Eine Pilotanlage zur biologischen Methanisierung soll neue wichtige Erkenntnisse über ein Verfahren bringen, das von vielen Experten als „Hidden Chance“ der Biogasbranche gehandelt wird. Hierzulande ist es bislang noch nirgendwo erfolgreich zum Zuge gekommen. Im nächsten Jahr soll der vom Dresdener Ingenieurdienstleister „GICON“ entwickelte Rieselbettreaktor in Nordhackstedt unmittelbar neben einer schon bestehenden Biogasanlage errichtet sein. Gefördert wird das Projekt vom Bundesministerium für Landwirtschaft, Ernährung und Heimat (BMLEH).

Der Standort in Nordhackstedt ist dafür gut gewählt: In der Nähe gibt es Strom aus Windenergie und Photovoltaik sowie eine Biogasanlage mit einem lokalen Wärmenetz. Was allerdings in dem 450-Einwohner-Ort noch fehlt, ist ein kluges, effizientes Zusammenspiel der Sektoren Strom, Wärme, Gas und auch Mobilität. Dann wäre die Energiewende in dem schleswig-holsteinischen Dorf zwischen Nord- und Ostsee in Gänze umgesetzt. 

Und genau an dieser Stelle kommt die kommende biologische Methanisierung in Nordhackstedt ins Spiel: Die Brüder Dirk und Bernd Nissen, Eigentümer der dortigen Biogasanlage sowie Betreiber eines lokalen Wärmenetzes, wollen den Rieselbettreaktor im Rahmen eines vom Bund mitfinanzierten Pilotprojekts im Frühjahr nächsten Jahres errichten.
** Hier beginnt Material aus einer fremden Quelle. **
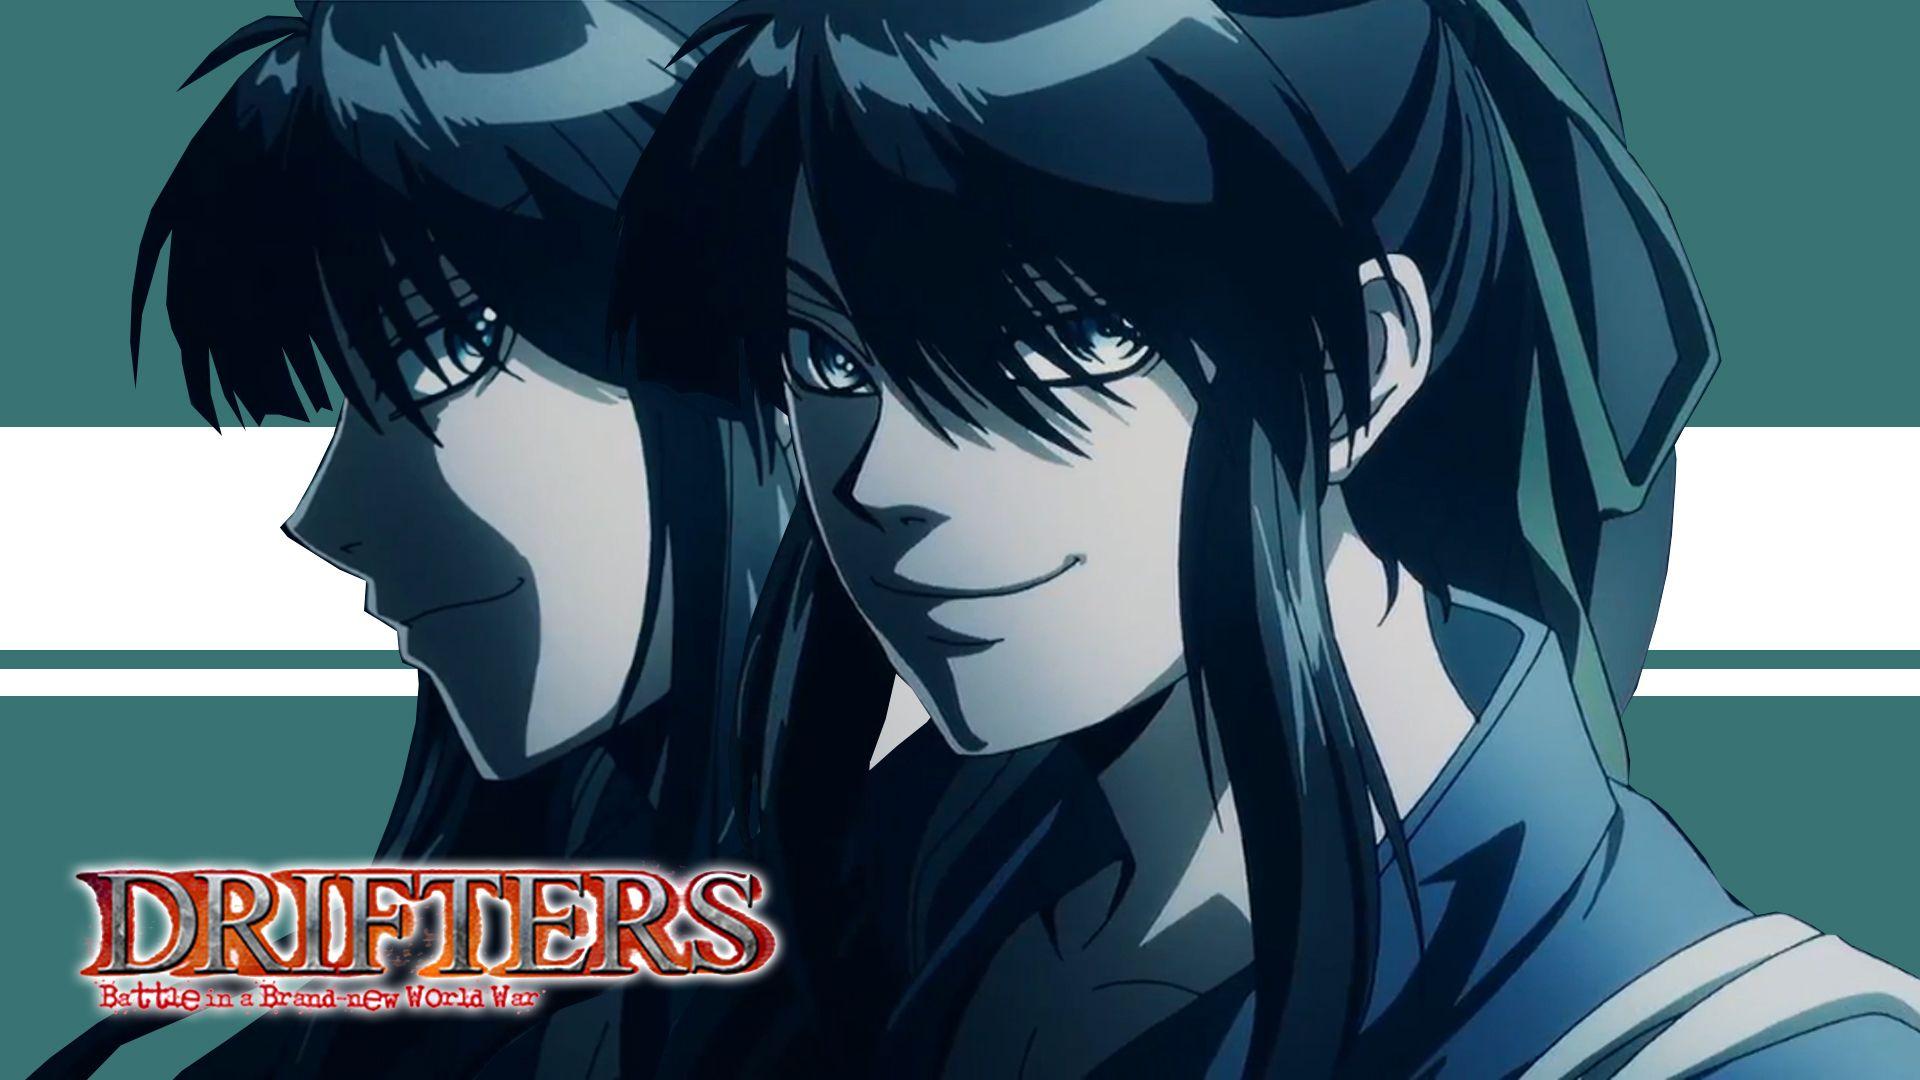 Nasu Anime Drifters Wallpaper HD 2951

Neben der Nissen Biogas GmbH & Co. KG und der Firma Gicon, die als Ingenieurdienstleistungsunternehmen aus Dresden den Reaktor in den vergangenen Jahren entwickelt hat, sind an diesem Vorhaben auch die Brandenburgische Technische Universität in Cottbus-Senftenberg und die Hochschule Flensburg beteiligt. Wissenschaftler der beiden Universitäten erhoffen sich durch die Begleitung der biologischen Methanisierung − auch „mikrobielle Methanisierung“ oder „Biomethansynthese“ genannt − Erkenntnisse darüber, ob und inwieweit das Verfahren zukünftig als Speichermedium gute Dienste leisten könnte. 

Methanbakterien arbeiten für die Energiewende

Die vier am Projekt beteiligten Unternehmen nehmen dafür rund 3 Millionen Euro in die Hand. Bei dieser Technologie wird Wasserstoff in das Biogas gegeben, um mithilfe von Methanbakterien (Archaeen) den Kohlendioxidanteil im Biogas zusammen mit dem Wasserstoff in Biomethan umzuwandeln. Nebenprodukte sind Wasser und Prozesswärme.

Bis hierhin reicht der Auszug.